Steve Gill, the unlikely chief executive leading the Castleford revival

Aaron Bower
Castleford Tigers have had a lot more to celebrate recently, and they currently sit on top of the Super League at the regular season’s midway point. Photograph: John Clifton/Reuters

As you pull away from the M62 and into the West Yorkshire town of Castleford, two things stand out straight away. One is the overwhelming smell of malt from the local factories; the other is the vast number of people walking around in black and amber clothing.

In these parts, rugby league is not so much a hobby as it is a way of life. A quarter of the town’s 40,000 population watch Castleford Tigers other every week – yet they have spent the majority of the Super League era fighting relegation, succumbing to that fate twice. But recently, the tide has been turning and, at the midway point of Super League’s regular season, Castleford sit atop the table. However, it is a transformation that has not happened overnight.

“A few years ago we didn’t have two ha’pennies to scratch our backside with,” explains the club’s chief executive, Steve Gill.

Gill has spent most of his life affiliated with Castleford. He grew up operating the scoreboard on match days before eventually becoming head of youth. Then, four years ago, he was surprisingly elevated to the role of chief executive.

Even as recently as that though, Castleford were in a precarious state both on and off the field. “Frightening was an understatement of what I found,” he explains. “We were a million quid in the red and within three months, it was looking like administration and God knows what else. It was scary how close we came to disaster.”

Slowly, Gill began to rebuild off the field – and on it, he tasked the former Featherstone coach Daryl Powell with turning around their playing fortunes. “We had to convince certain people that Daryl was the right man but as soon as I spoke to him I knew within five minutes he was the man for this project,” he says.

In the 1960s, under the legendary coach George Clinton, Castleford were famously dubbed “Classy Cas”, owing to their free-flowing style. Powell has not only helped reattach that moniker with a brand of eye-catching rugby, but has also brought promise and fresh hope to a club still rooted to their principles.

Gill says: “After a game last year, I went into the changing rooms to see if everyone was okay and the first thing I saw was our assistant coach, Danny Orr, sweeping the changing rooms. I got a brush and helped him out and we do that every single game. When we leave a ground we want to show respect; leave it as we found it.

“The town has been through so much together. Rugby is the one thing that unites the people of Castleford and there’s a fever around the town about what we’re doing. Everyone is addicted to it; you walk around Castleford and everyone is wearing our colours. We feel we’ve a duty to the community.”

But even in the present day, there remain problems. Castleford’s old Wheldon Road ground is falling apart; the club have plans to move into a new stadium across the town in 2020 but until then, upkeep of a crumbling yet historic venue Gill continually refers to as “the old girl” costs time and money.

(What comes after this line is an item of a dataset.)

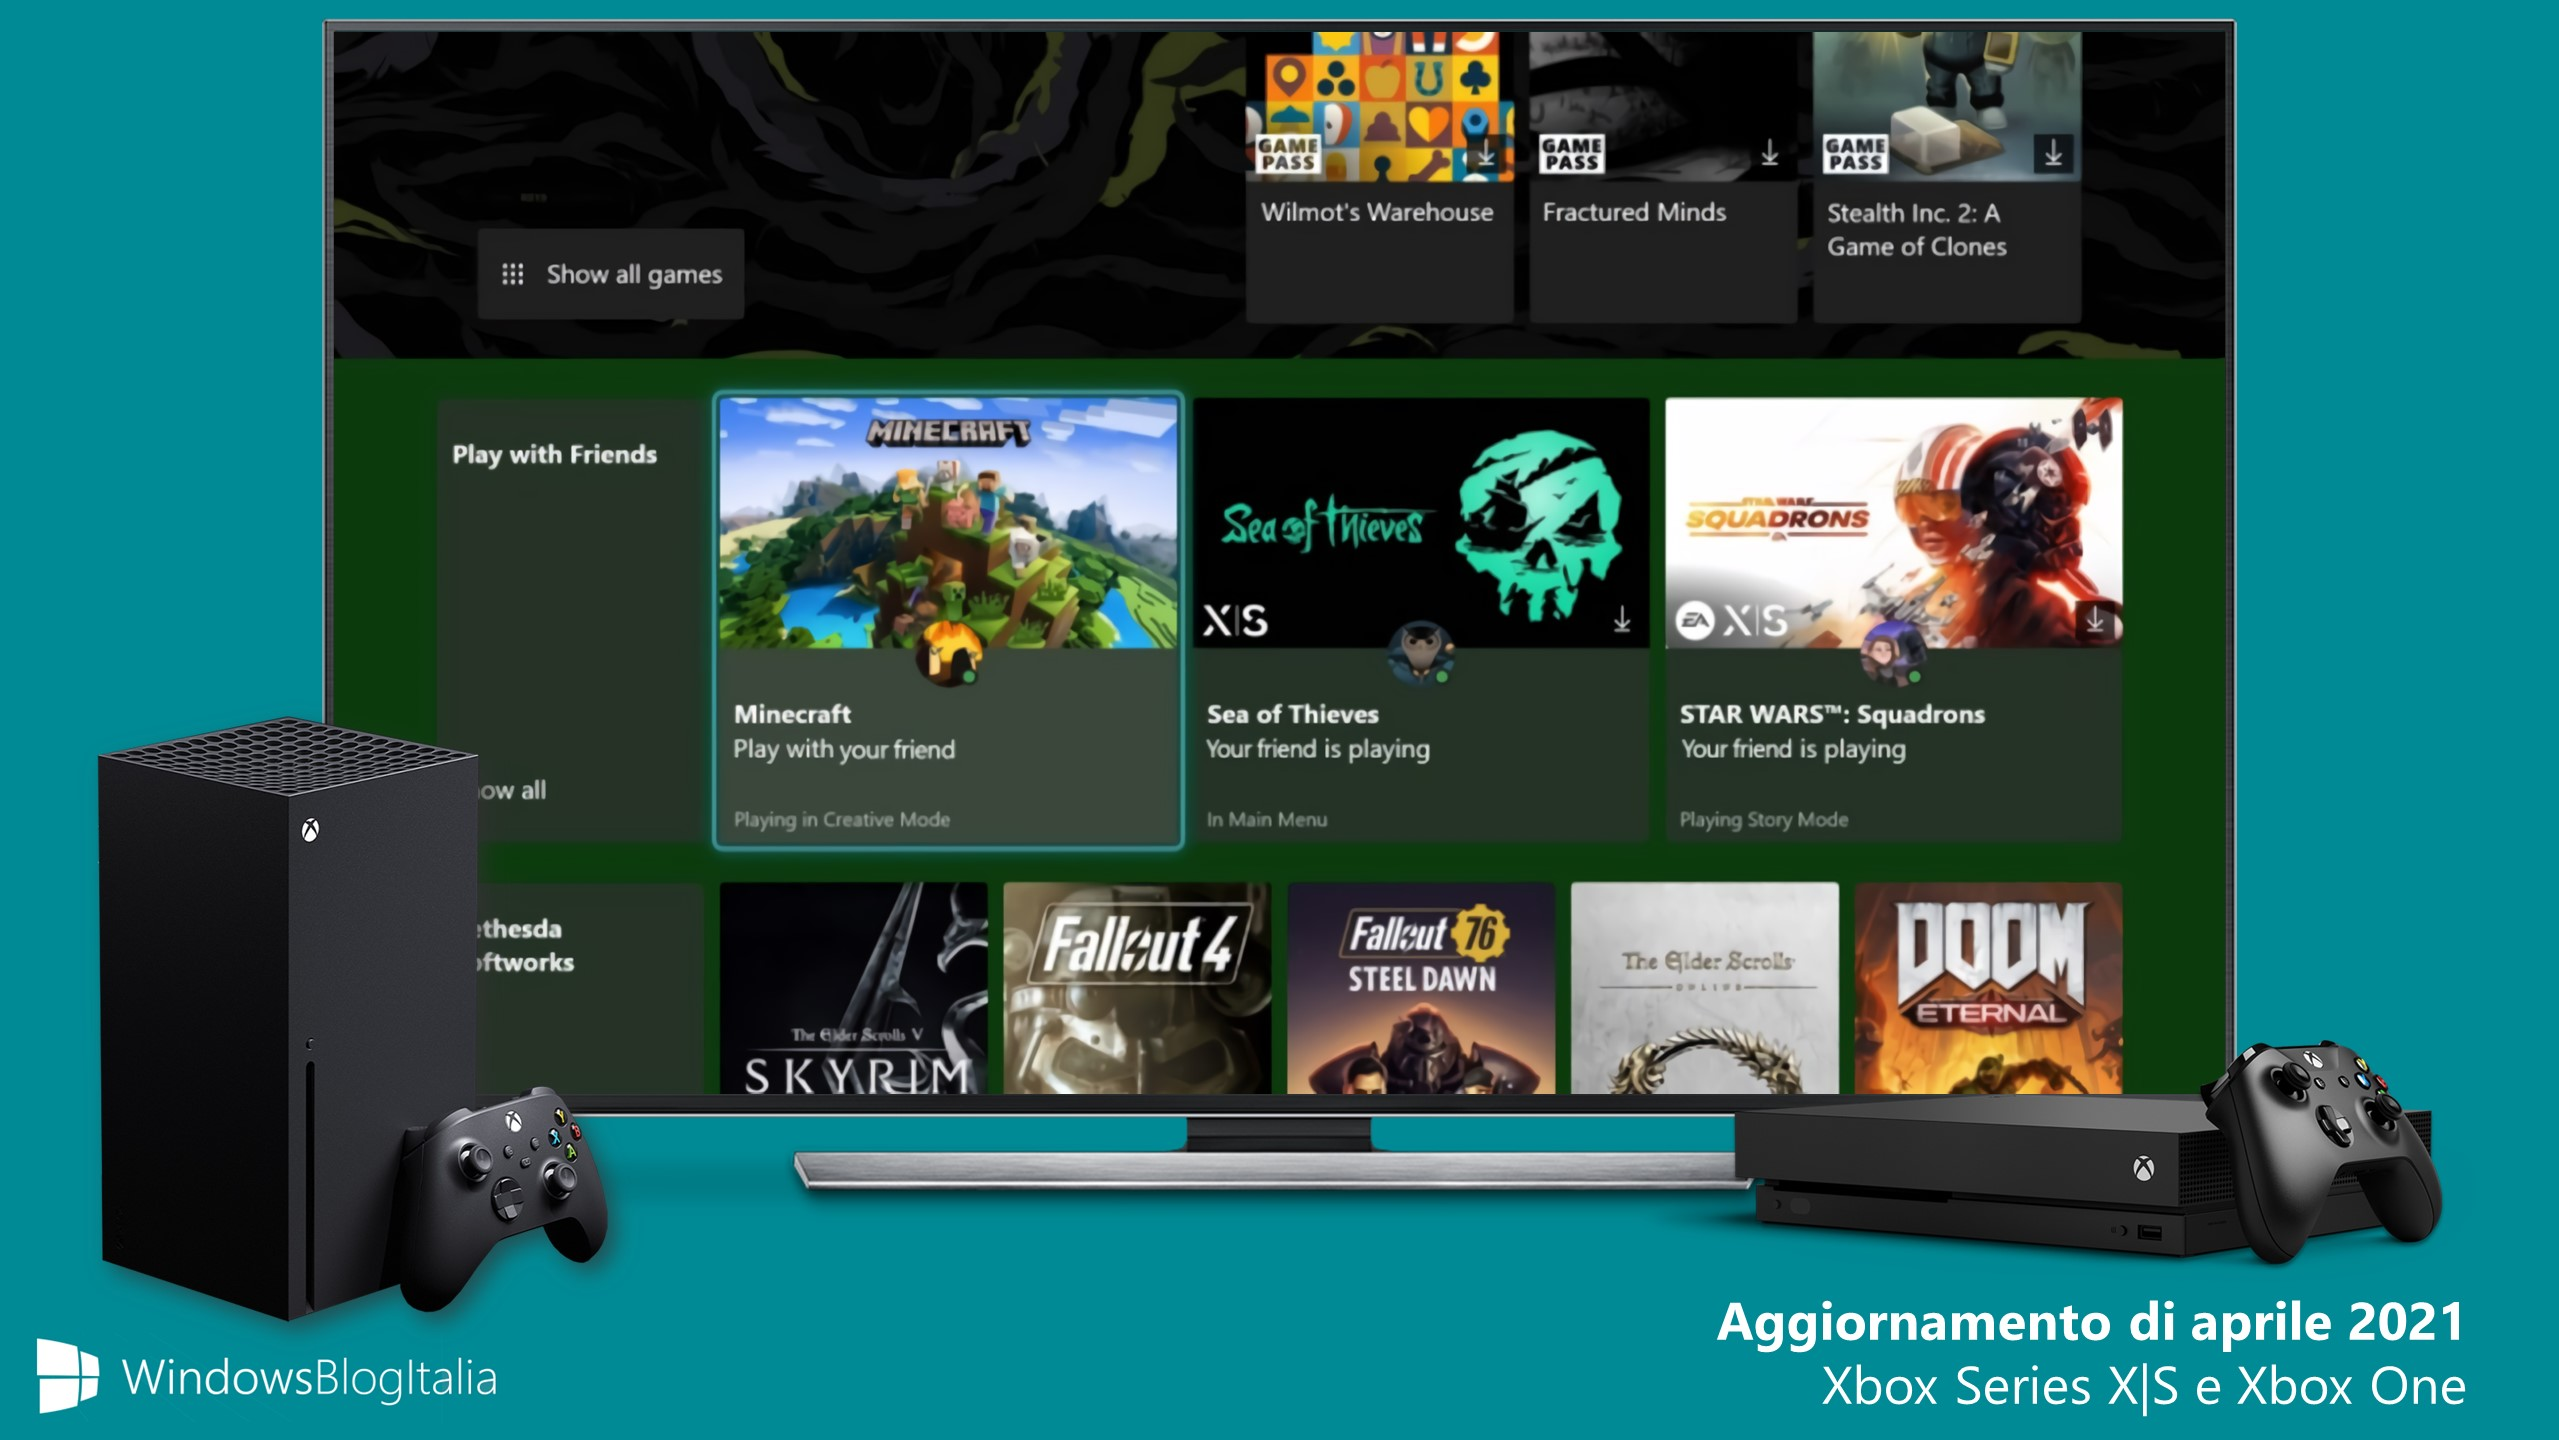 Aggiornamento di aprile 2021 - Xbox One e Xbox Series X S

“It’s been tough,” he admits. “It’s taken a lot of hard work to get it in a position where we can use it. But it’s got history and character attached to it and we all love it. When we’ve gone, that’ll be it, we won’t ever be able to watch rugby here. It’ll be a sad day.”

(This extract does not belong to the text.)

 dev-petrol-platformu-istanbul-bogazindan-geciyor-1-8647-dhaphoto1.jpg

Times have changed in Castleford. Once upon a time the target was Super League survival: now it is much more. “We want a trophy parade at the old girl before we leave,” Gill insists. “Those initial days in charge were dark days, having to make cold decisions to get us back on a level footing. But we had a goal, and that was to be at the top of Super League. Nothing’s won in April but we’re on the right track.”